About the artist
Dawson is widely recognised as one of the foremost marine painters of the early 20th century. His original artwork is now considered rare and highly valuable, with many of the signed colour prints from the 20th century either faded, lost, or damaged.
With both his father and grandfather being marine painters, Dawson's maritime roots were further enhanced when his family relocated to Smugglers House on Southampton Water, along England's southern coastline. Despite never attending art school, Dawson refined his craft at a commercial art studio in London around 1910, producing posters and illustrations.
Dawson's artistic journey took a pivotal turn when he joined the Royal Navy during the First World War, meeting Charles Napier Hemy, who profoundly influenced his art. He supplied illustrations to the Sphere magazine during the war and afterwards established himself as a painter and illustrator, focusing on historical subjects and sailing ships.

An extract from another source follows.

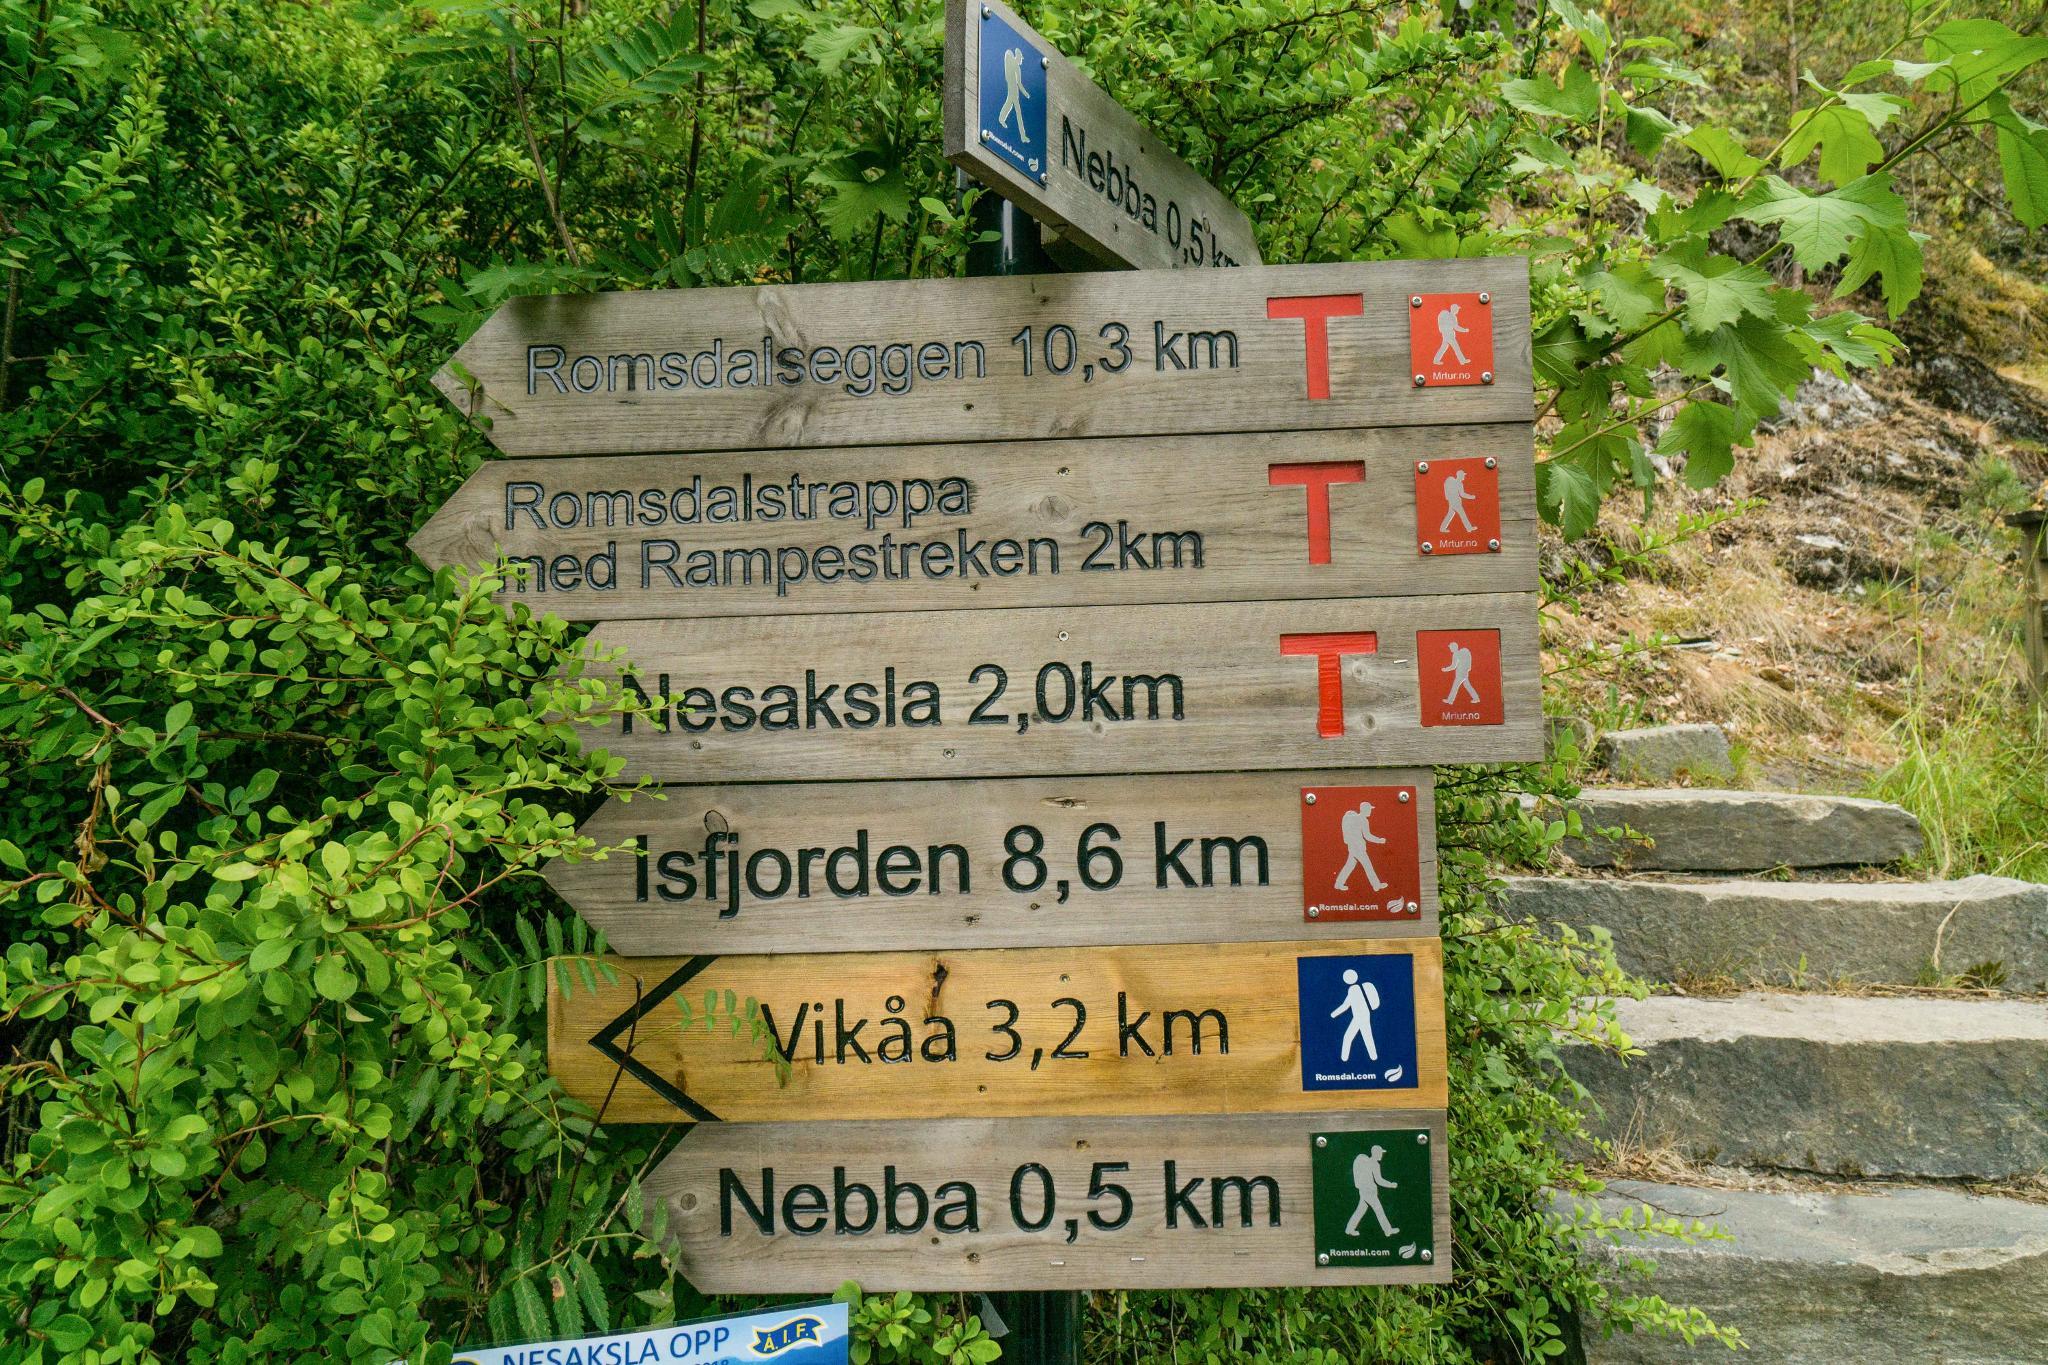 【北歐景點】峽灣區起點Åndalsnes健行 - 鳥瞰峽灣全景的Rampestreken觀景台 9

Dawson's commercial success kicked off in the 1920s, with exhibitions at the Royal Academy from 1916 to 1936 and regular showings at the Royal Society of Marine Artists, of which he was a member. He relocated to Milford-on-sea in Hampshire in the 1930s and continued his successful career as a painter, illustrating war events for the Sphere during the Second World War. Dawson's career remained prosperous until his death in Sussex in 1973, making him one of the most financially successful painters of the 20th century.